Is this possible at all?
Leslaw
Hello,
since I don't know what type of answer you expect, you could start
with the simpler function
a*exp(-b/x)
From there it is quite simple to answer your question.
Alois
--
Alois Steindl, Tel.: +43 (1) 58801 / 32558
Inst. for Mechanics and Mechatronics Fax.: +43 (1) 58801 / 32598
Vienna University of Technology, A-1040 Wiedner Hauptstr. 8-10
Well, it's asyptotic to 1/( a*exp(b/x) ) as x -> 0+,
so it tends to 0 faster than any power of x. So I
guess no, what you want is not possible.
>Leslaw
David C. Ullrich
"Understanding Godel isn't about following his formal proof.
That would make a mockery of everything Godel was up to."
(John Jones, "My talk about Godel to the post-grads."
in sci.logic.)
>
> Well, it's asyptotic to 1/( a*exp(b/x) ) as x -> 0+,
> so it tends to 0 faster than any power of x. So I
> guess no, what you want is not possible.
>
>
> David C. Ullrich
Hello,
I would like to object: It seems to me that the result is extremely
simple. It might be so simple, that it isn't of any use, but it is
possible.
Best wishes
Alois
Really? Then what power of x _is_ 1/( 1 + a*exp(b/x) )
asymptotic to as x -> 0?
>Best wishes
>Alois
>Hello,
If b > 0, there is no such expression, as the rate of
approach to 0 is too great. The "1+" in the denominator
is irrelevant in this case. Of course, if b=0, the
expression is a constant 1/(1+a).
--
This address is for information only. I do not claim that these views
are those of the Statistics Department or of Purdue University.
Herman Rubin, Department of Statistics, Purdue University
hru...@stat.purdue.edu Phone: (765)494-6054 FAX: (765)494-0558
>
> Really? Then what power of x _is_ 1/( 1 + a*exp(b/x) )
> asymptotic to as x -> 0?
>
The power series expansion of f(x)=1/( 1 + a*exp(b/x) ) (for a > 0, b>0,
x>0) is simply 0, like the series expansion of exp(-1/x^2) = 0.

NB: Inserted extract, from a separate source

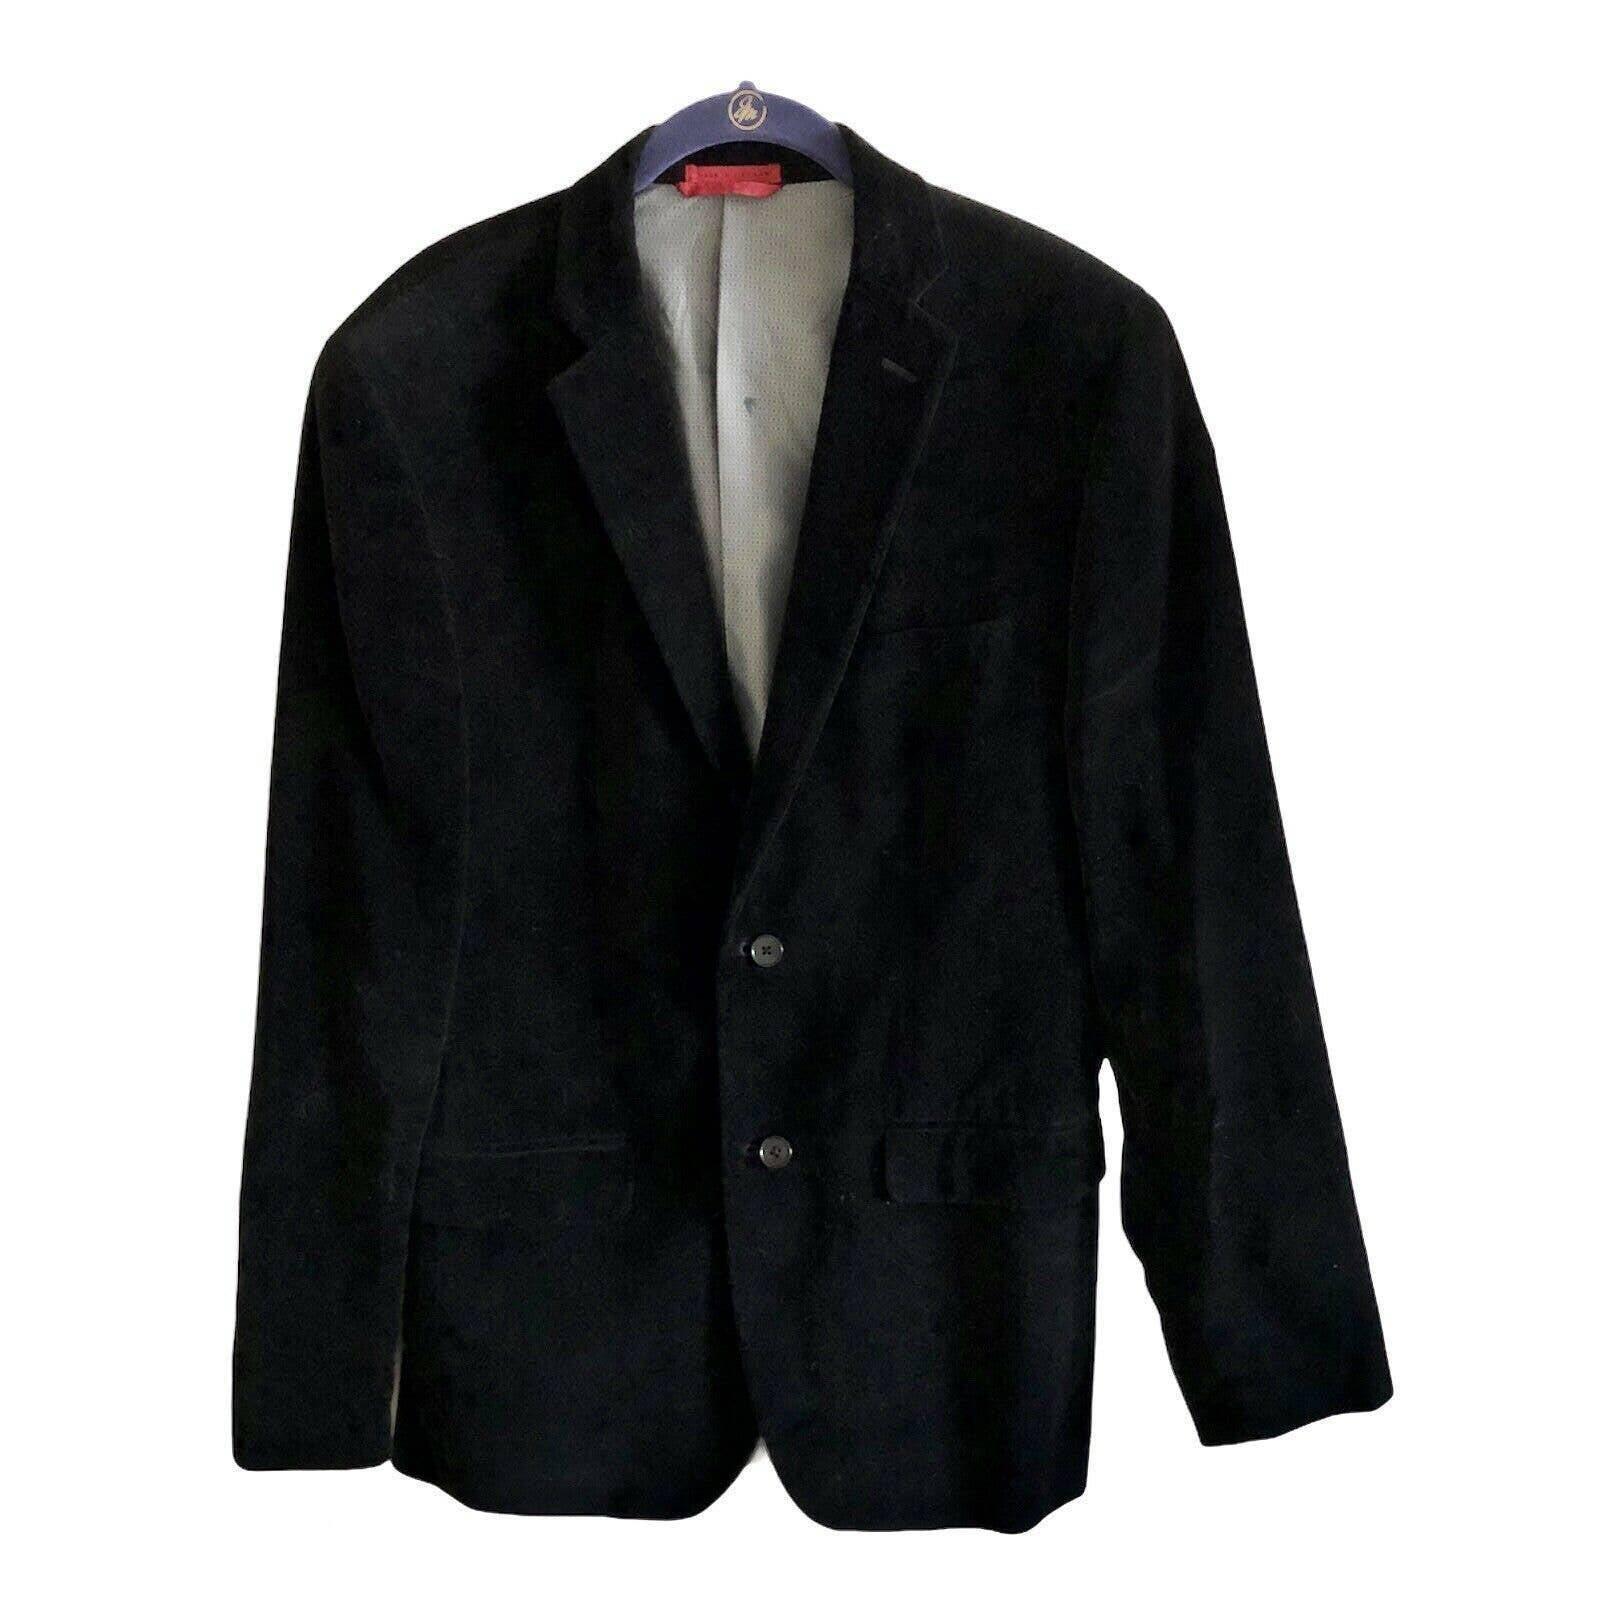 Alfani Black Velvet Blazer/Jacket 38

Unfortunately the radius of convergence is also 0, but one has
f(x) = o(x^k) for all k > 1.
Best wishes
Alois
Of course f(x) = o(x^k) for all k > 0.
The question was what power of x is asymptotic
to f(x). You just explained why the answer is
"there is no such power of x".
Hence when the OP said he wanted to know how to
find what power of x was asymptotic to f(x) the
correct answer is that that can't be done. So
exactly what was your "objection" to my
statement "what you want is not possible"?
The confusion here is probably the difference between
the subject of the thread and the question actually
asked. The asymptotic expansion of 1/(1+a*exp(b/x))

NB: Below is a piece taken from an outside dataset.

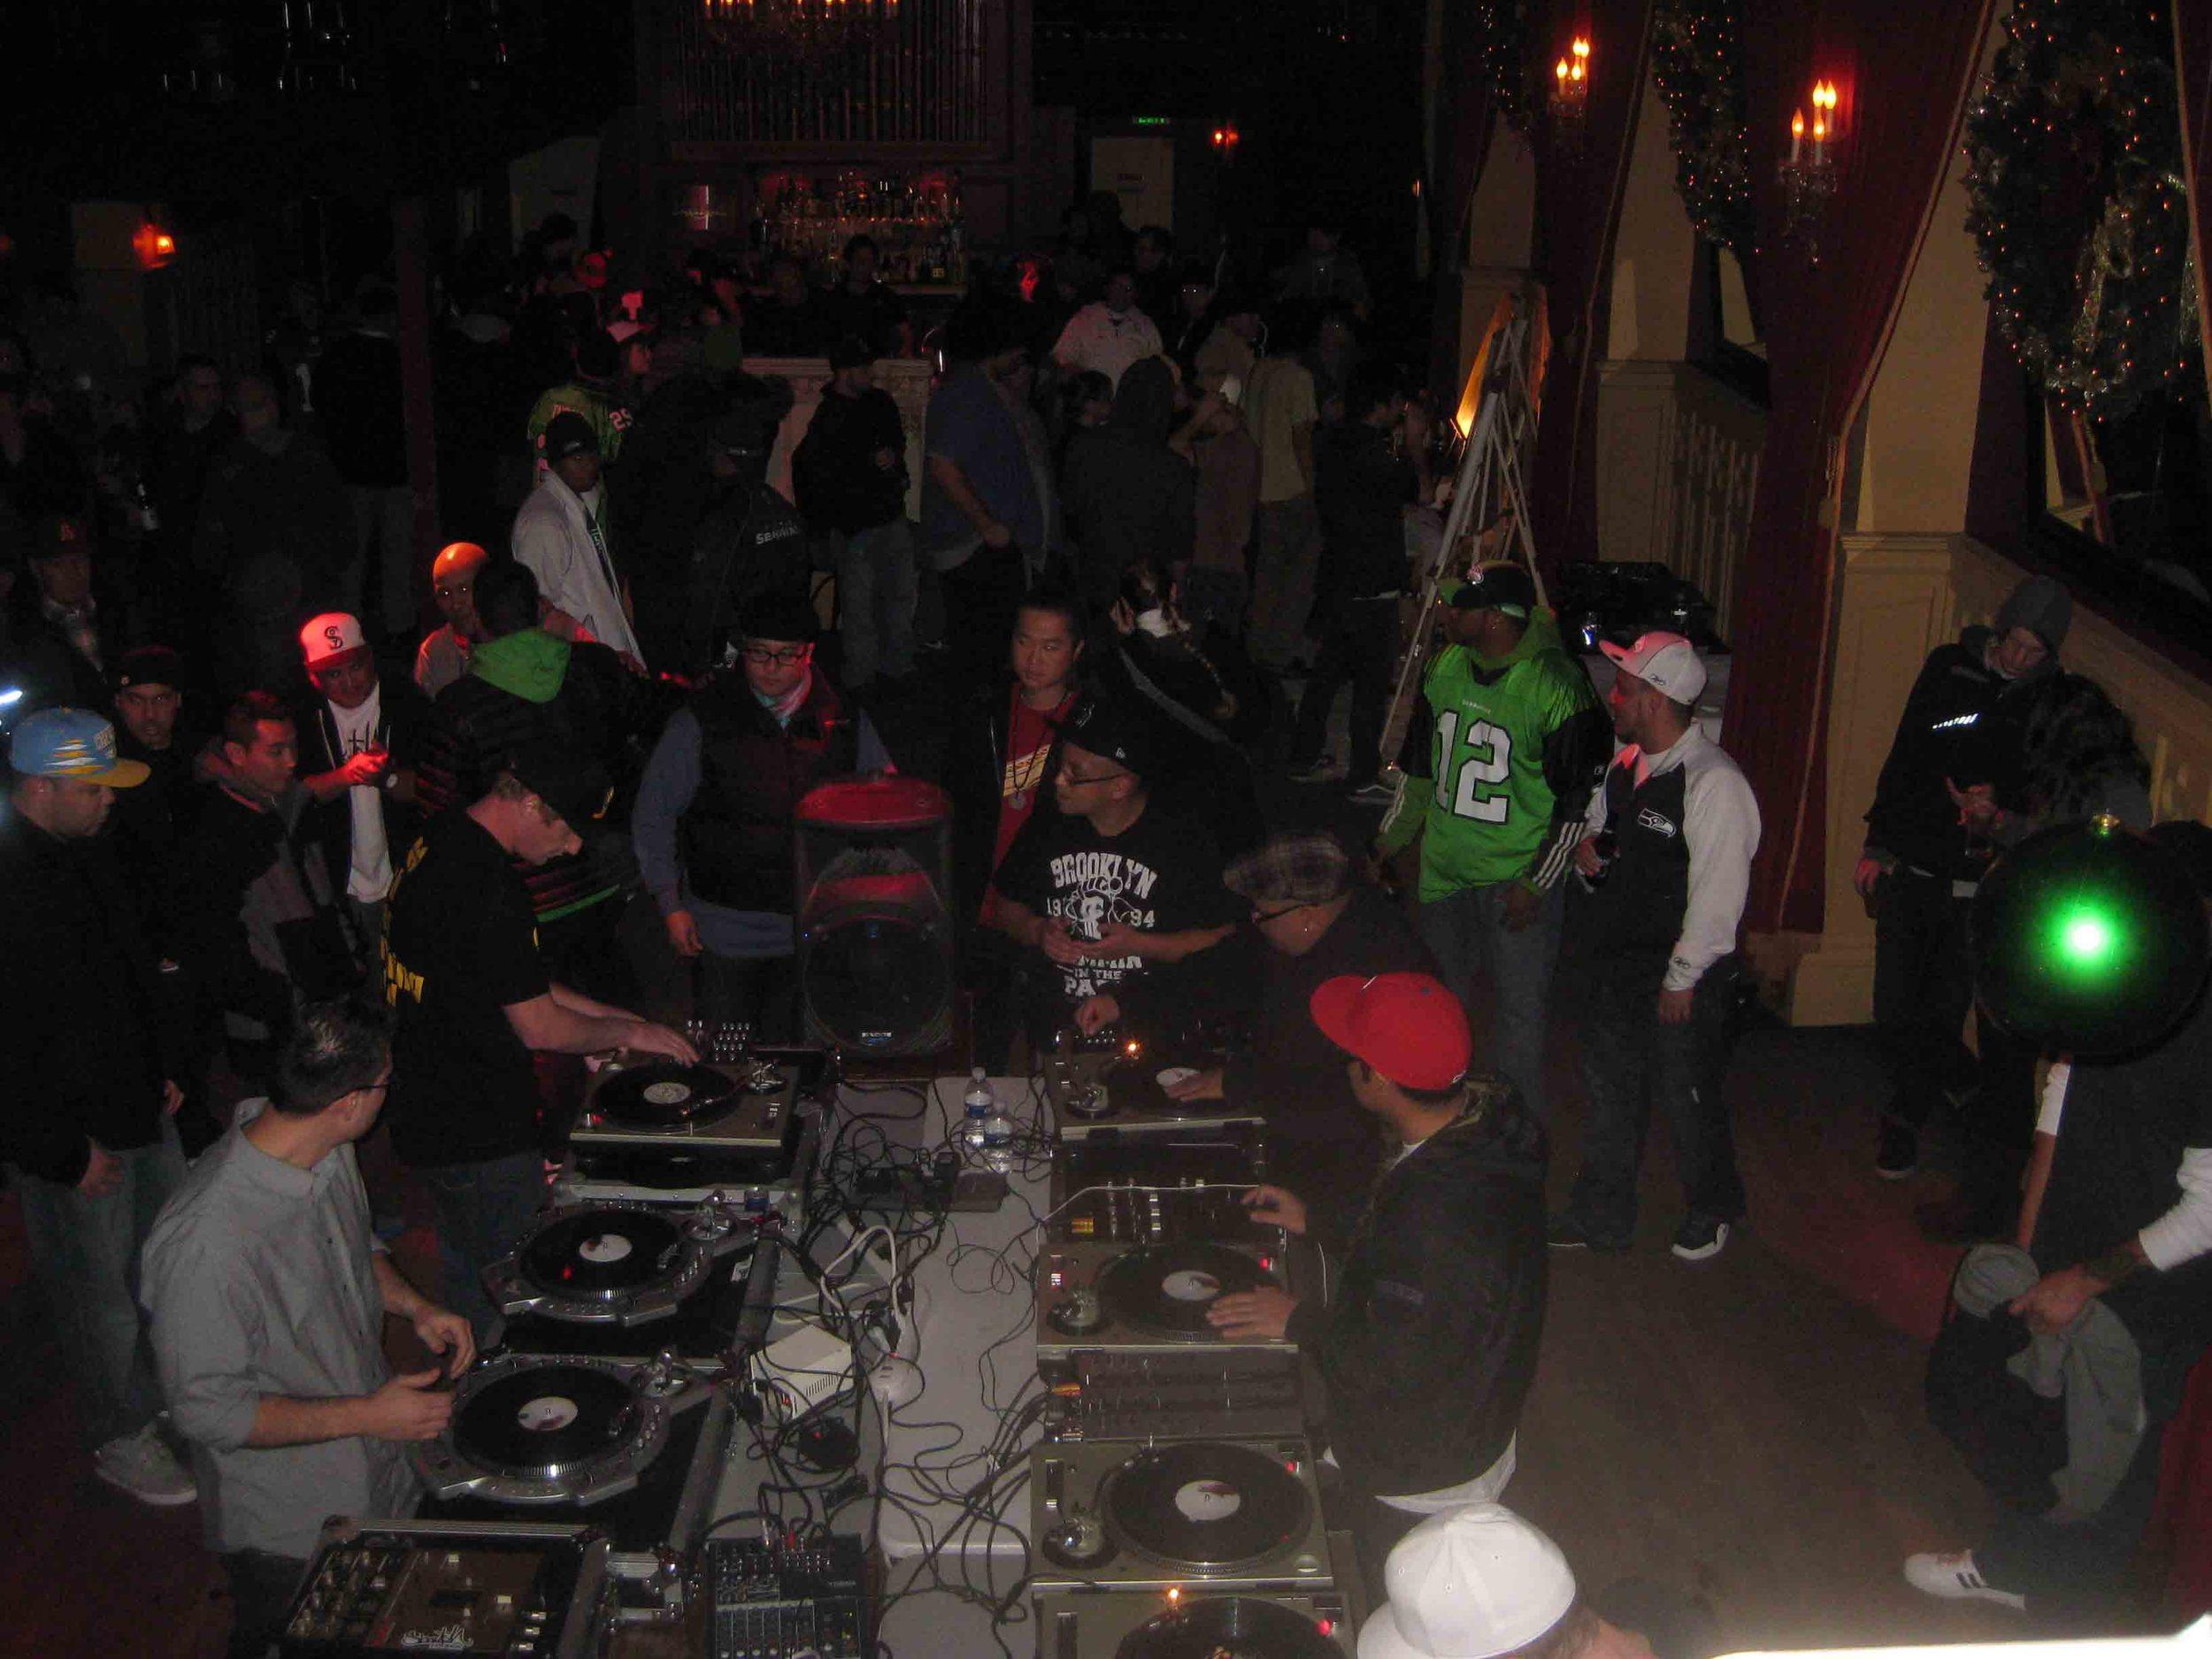 2011_12_01_Skratch Lounge (Tre & Shmix) (6).jpg

is just 0, as was claimed, and the proof is precisely
that it is o(x^k) for all k.
However, 1/(1+a*exp(b/x)) is not asymptotic to 0 (even
if the definition made sense for the zero function).
This discrepancy is apparently quite important in
applications, at least according to this enjoyable
survey:
John P. Boyd
The Devil's Invention: Asymptotic, Superasymptotic
and Hyperasymptotic Series
Acta Appl. Math. 56 (1999), no. 1, 1--98.
http://www.ams.org/mathscinet-getitem?mr=1698036
http://dx.doi.org/10.1023/A:100614590362
http://www-personal.umich.edu/~jpboyd/boydactaapplicreview.pdf
>>> The power series expansion of
>>> f(x)=1/( 1 + a*exp(b/x) ) (for a > 0, b>0, x>0)
>>> is simply 0, like the series expansion of exp(-1/x^2)
>>> = 0. Unfortunately the radius of convergence is also 0,
>>> but one has f(x) = o(x^k) for all k > 1.
>>
>> Of course f(x) = o(x^k) for all k > 0.
>>
>> The question was what power of x is asymptotic
>> to f(x). You just explained why the answer is
>> "there is no such power of x".
>
>The confusion here is probably the difference between
>the subject of the thread and the question actually
>asked. The asymptotic expansion of 1/(1+a*exp(b/x))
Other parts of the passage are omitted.